**Task statement:**
From the listing below, copy each line where "Century" occurs.

**Material for the task:**
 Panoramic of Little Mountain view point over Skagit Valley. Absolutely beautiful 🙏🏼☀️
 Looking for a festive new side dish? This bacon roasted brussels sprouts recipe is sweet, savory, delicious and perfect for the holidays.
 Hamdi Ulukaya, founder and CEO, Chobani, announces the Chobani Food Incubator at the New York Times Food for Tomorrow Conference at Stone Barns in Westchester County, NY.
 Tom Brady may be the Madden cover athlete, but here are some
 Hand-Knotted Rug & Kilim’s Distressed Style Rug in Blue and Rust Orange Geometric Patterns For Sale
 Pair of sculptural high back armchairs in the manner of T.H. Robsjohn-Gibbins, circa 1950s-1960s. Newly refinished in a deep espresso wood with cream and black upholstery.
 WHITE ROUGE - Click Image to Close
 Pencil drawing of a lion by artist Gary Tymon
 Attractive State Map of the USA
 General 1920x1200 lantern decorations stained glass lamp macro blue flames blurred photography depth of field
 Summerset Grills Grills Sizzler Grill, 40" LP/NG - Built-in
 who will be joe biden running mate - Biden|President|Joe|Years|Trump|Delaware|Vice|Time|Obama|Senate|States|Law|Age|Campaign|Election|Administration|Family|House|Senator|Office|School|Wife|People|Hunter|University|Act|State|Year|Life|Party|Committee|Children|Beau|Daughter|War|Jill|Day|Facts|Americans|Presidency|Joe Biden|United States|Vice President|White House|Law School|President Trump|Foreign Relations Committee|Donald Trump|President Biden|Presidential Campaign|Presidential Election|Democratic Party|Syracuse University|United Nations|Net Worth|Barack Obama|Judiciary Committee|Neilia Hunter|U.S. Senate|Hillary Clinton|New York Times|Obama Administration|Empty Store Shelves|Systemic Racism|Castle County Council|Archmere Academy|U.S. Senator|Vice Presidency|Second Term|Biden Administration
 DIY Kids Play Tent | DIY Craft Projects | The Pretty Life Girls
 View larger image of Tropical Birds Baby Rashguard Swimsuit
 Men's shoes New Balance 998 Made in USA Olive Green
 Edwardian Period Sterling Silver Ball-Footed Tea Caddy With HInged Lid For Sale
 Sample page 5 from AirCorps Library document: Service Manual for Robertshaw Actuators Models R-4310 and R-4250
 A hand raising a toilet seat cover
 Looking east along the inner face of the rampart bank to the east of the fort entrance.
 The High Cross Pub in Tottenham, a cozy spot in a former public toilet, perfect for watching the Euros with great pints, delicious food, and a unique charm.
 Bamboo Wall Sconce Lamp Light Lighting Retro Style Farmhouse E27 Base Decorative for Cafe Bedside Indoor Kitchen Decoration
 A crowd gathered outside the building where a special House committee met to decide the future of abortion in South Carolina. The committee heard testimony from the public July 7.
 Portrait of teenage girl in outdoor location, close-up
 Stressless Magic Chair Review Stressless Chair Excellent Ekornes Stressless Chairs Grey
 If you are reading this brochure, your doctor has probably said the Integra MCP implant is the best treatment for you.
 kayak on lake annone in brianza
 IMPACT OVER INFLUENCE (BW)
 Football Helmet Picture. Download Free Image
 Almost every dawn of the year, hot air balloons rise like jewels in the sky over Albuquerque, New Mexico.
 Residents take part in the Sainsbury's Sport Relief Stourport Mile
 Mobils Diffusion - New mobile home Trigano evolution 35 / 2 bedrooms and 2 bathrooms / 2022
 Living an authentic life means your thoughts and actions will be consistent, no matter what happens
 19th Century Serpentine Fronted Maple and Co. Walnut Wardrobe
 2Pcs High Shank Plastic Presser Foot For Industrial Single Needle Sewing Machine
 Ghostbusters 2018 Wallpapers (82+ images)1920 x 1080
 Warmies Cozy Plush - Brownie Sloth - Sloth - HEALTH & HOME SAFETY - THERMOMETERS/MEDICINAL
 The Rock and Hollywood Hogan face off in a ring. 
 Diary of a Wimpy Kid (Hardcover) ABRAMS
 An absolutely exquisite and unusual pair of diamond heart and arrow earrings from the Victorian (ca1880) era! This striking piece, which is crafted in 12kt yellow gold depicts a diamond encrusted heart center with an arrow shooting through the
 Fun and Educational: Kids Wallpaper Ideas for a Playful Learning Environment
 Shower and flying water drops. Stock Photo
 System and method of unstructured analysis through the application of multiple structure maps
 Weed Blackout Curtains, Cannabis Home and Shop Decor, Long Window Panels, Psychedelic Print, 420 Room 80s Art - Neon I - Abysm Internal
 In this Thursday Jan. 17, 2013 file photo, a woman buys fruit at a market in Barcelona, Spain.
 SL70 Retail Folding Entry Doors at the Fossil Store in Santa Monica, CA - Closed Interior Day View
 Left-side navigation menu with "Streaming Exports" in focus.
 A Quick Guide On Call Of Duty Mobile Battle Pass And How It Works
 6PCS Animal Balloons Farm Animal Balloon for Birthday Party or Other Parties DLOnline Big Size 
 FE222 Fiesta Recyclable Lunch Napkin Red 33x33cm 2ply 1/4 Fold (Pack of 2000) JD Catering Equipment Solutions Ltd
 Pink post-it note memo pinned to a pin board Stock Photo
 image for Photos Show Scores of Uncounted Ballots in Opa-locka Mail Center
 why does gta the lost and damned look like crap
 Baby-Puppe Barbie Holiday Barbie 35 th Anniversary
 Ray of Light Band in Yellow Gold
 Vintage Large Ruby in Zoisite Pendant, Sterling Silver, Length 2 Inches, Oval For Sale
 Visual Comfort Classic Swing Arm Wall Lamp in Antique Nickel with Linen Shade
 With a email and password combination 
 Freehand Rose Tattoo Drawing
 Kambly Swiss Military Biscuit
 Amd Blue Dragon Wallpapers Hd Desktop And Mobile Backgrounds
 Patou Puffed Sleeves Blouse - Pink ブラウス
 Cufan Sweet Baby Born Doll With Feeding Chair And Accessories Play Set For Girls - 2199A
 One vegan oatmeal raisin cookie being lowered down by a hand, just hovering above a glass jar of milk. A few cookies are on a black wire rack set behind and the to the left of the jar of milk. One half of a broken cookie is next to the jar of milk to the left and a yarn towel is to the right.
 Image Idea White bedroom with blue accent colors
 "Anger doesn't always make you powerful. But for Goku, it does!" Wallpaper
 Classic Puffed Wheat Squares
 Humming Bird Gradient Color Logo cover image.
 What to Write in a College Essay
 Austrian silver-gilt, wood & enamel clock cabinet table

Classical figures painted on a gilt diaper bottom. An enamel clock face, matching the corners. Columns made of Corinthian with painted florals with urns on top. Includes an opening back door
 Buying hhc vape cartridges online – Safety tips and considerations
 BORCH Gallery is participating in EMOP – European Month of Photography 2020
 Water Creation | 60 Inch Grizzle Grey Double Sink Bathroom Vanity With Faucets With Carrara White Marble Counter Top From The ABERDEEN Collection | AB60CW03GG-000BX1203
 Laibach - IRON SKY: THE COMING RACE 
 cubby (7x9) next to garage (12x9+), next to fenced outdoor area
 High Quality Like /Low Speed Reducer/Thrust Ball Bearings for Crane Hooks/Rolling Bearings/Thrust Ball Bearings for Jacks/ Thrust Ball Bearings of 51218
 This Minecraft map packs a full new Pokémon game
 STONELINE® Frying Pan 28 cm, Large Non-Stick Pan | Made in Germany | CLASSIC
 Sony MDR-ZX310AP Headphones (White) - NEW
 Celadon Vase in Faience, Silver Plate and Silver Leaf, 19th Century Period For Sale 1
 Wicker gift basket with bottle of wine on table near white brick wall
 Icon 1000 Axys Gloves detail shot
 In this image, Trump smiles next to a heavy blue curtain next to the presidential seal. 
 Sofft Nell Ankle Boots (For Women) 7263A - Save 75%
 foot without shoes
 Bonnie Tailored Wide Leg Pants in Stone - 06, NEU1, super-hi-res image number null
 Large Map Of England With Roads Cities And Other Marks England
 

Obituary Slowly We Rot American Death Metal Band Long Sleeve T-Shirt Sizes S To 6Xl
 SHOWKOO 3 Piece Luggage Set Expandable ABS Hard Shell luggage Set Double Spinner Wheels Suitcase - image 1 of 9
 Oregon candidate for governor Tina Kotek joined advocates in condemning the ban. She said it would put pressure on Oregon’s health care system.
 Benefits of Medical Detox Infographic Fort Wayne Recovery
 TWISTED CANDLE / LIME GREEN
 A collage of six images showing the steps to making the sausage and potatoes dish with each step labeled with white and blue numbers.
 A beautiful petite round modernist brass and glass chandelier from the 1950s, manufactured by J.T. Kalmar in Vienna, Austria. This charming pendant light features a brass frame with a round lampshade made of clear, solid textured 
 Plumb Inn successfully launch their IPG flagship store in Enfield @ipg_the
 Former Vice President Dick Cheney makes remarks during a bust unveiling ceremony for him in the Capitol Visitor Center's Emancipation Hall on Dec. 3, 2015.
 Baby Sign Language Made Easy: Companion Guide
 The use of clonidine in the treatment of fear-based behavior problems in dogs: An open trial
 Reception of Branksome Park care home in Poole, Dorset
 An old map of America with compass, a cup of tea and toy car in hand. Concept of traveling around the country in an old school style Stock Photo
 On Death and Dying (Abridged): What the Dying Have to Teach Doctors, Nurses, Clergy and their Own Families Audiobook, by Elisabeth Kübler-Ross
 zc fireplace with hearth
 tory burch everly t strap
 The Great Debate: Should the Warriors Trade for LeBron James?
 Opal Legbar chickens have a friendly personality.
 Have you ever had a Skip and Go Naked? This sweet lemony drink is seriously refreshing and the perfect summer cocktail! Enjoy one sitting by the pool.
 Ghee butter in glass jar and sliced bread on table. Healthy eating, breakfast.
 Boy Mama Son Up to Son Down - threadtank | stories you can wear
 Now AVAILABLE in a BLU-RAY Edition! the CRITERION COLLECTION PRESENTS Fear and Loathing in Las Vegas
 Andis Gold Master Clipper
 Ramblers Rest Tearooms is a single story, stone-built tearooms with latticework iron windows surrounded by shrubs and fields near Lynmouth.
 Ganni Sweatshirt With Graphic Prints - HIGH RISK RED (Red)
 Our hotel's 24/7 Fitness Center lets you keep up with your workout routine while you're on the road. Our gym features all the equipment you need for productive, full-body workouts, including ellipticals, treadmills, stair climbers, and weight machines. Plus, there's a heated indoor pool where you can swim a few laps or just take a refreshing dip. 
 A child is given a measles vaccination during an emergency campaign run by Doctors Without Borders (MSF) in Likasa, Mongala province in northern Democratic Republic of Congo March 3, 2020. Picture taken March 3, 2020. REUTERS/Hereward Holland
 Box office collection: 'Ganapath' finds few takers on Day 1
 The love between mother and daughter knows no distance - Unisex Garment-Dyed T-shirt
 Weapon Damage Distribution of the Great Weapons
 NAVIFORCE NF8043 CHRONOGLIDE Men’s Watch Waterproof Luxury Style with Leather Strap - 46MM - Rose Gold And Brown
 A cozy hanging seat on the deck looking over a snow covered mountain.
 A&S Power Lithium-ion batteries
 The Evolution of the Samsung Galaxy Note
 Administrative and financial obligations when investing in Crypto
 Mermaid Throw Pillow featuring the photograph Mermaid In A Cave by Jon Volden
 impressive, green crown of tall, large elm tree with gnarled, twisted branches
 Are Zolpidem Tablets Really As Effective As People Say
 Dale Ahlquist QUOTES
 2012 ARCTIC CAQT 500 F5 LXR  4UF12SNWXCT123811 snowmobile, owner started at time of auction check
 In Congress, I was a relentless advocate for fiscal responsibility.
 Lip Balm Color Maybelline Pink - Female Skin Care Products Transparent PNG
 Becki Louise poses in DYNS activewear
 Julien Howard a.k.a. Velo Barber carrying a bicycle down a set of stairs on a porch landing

**Answer:**
 19th Century Serpentine Fronted Maple and Co. Walnut Wardrobe
 Celadon Vase in Faience, Silver Plate and Silver Leaf, 19th Century Period For Sale 1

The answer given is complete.